TASK OBJECTIVE — Each line of the material holding the word "Rosberg" must be identified and copied.

RECORDED INFORMATION —
----------------------------------------

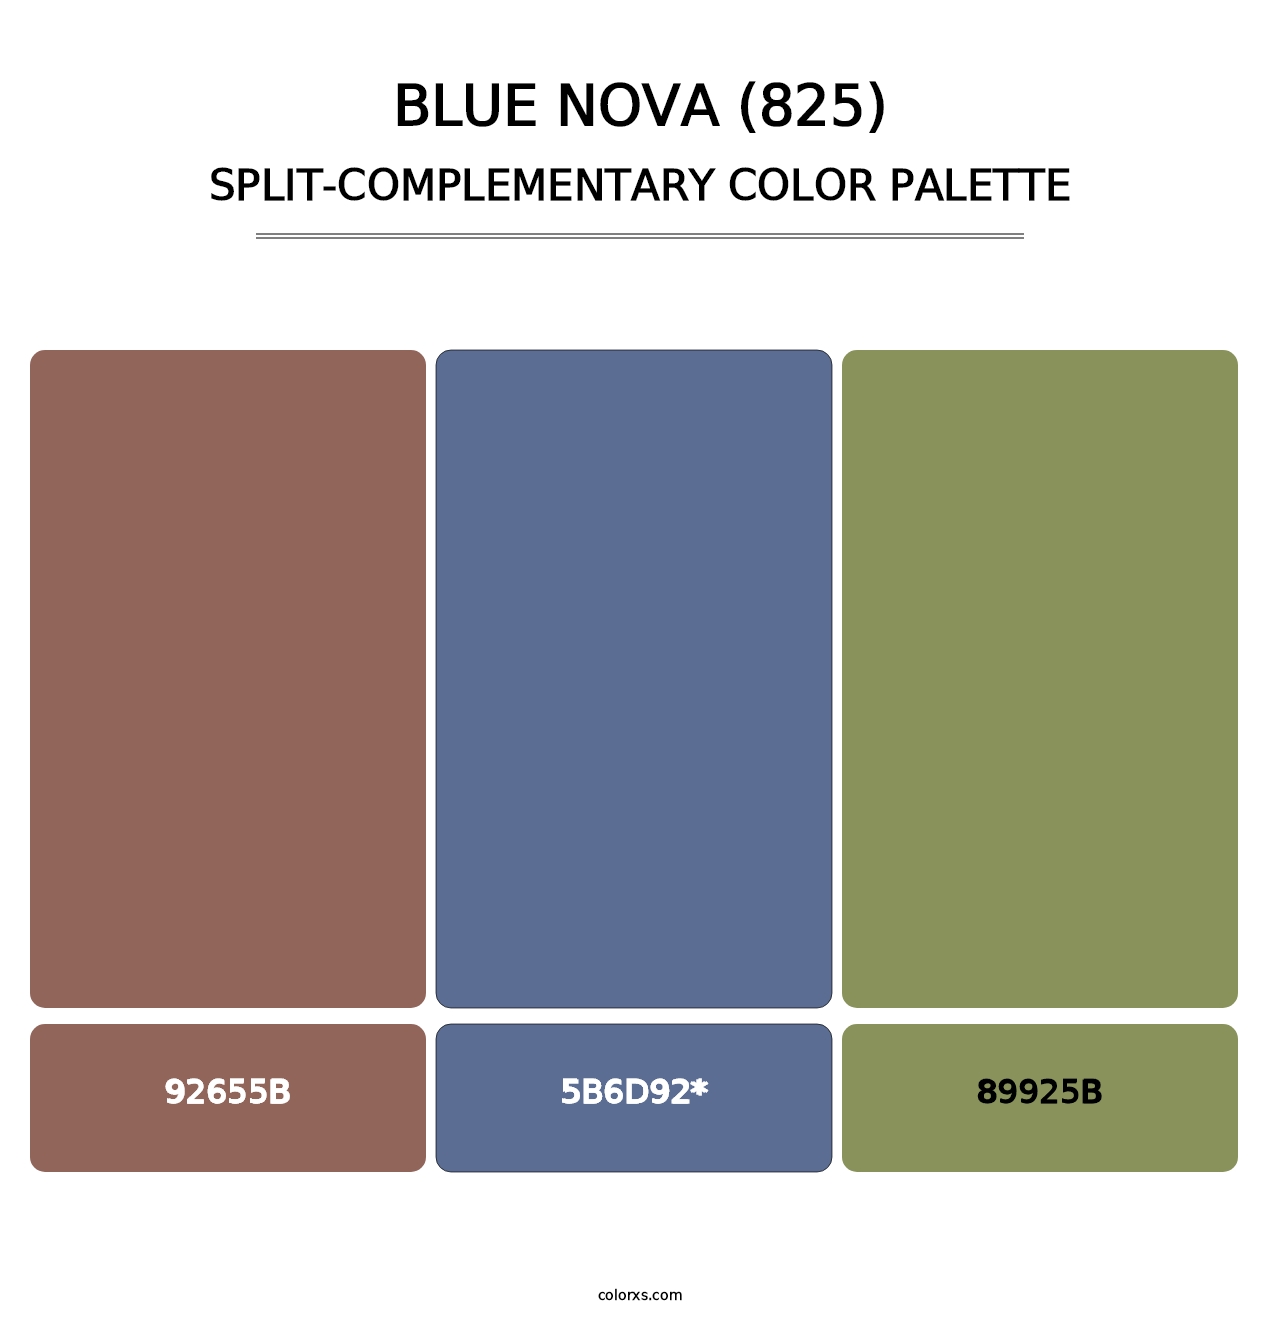 Blue Nova (825) - Split-Complementary Color Palette
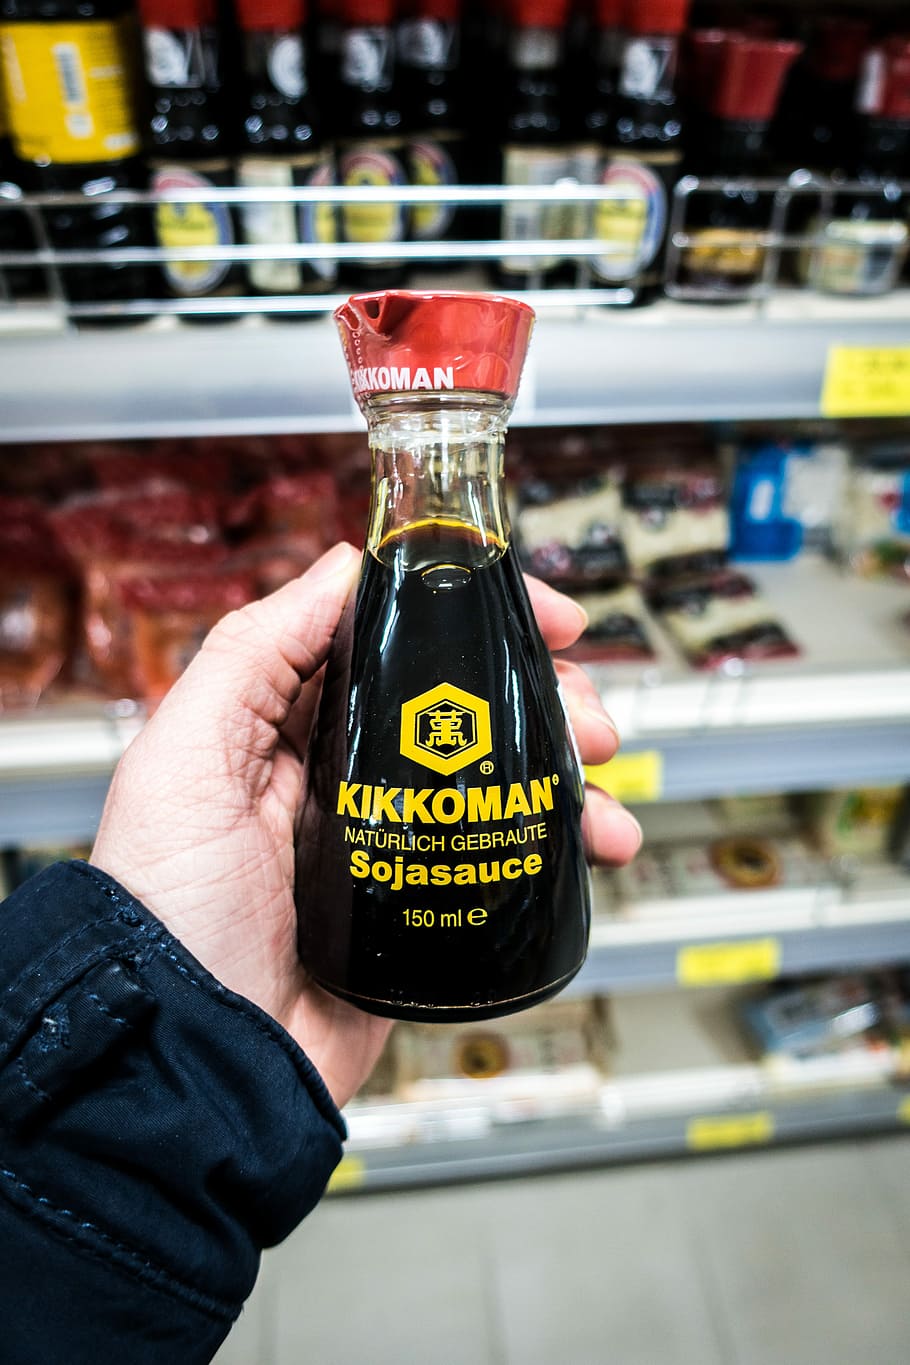 kikkoman soy sauce, Kikkoman, soy sauce, retail, store, editorial, bottle, consumerism, brand-name, human hand
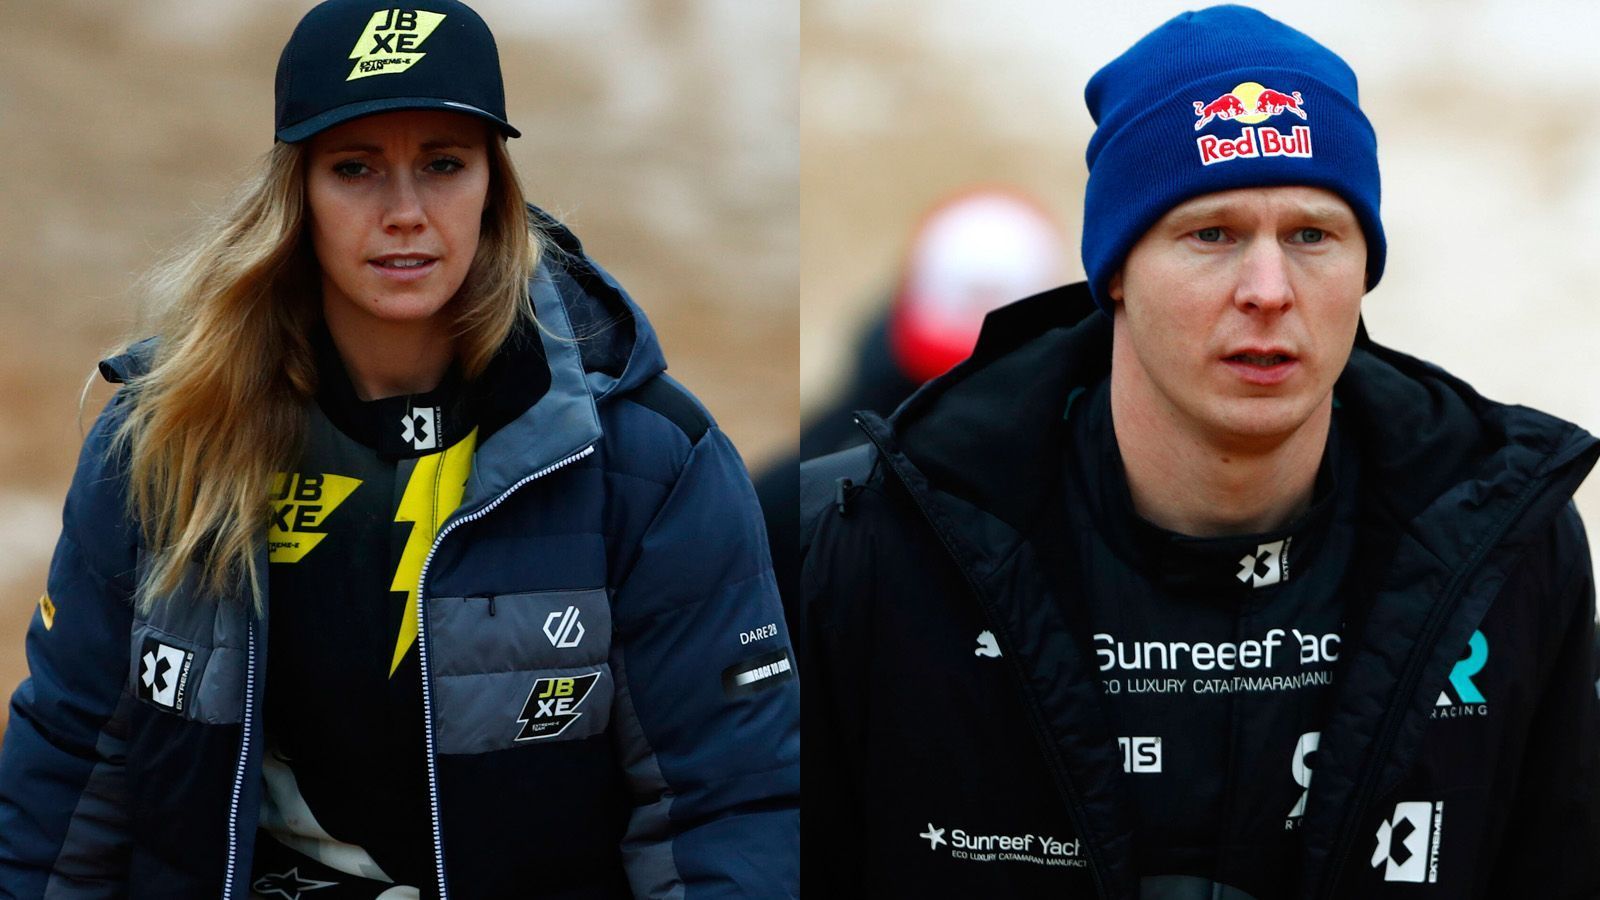 
                <strong>Rosberg X Racing (Titelverteidiger)</strong><br>
                &#x2022; Fahrer: Mikaela Ahlin-Kottulinsky (SWE) u. Johan Kristofersson (SWE) -<br>&#x2022; Team aus: Deutschland -<br>&#x2022; Gründer: Nico Rosberg<br>

----------------------------------------

COMPLETED EXERCISE —
                <strong>Rosberg X Racing (Titelverteidiger)</strong><br>
                &#x2022; Fahrer: Mikaela Ahlin-Kottulinsky (SWE) u. Johan Kristofersson (SWE) -<br>&#x2022; Team aus: Deutschland -<br>&#x2022; Gründer: Nico Rosberg<br>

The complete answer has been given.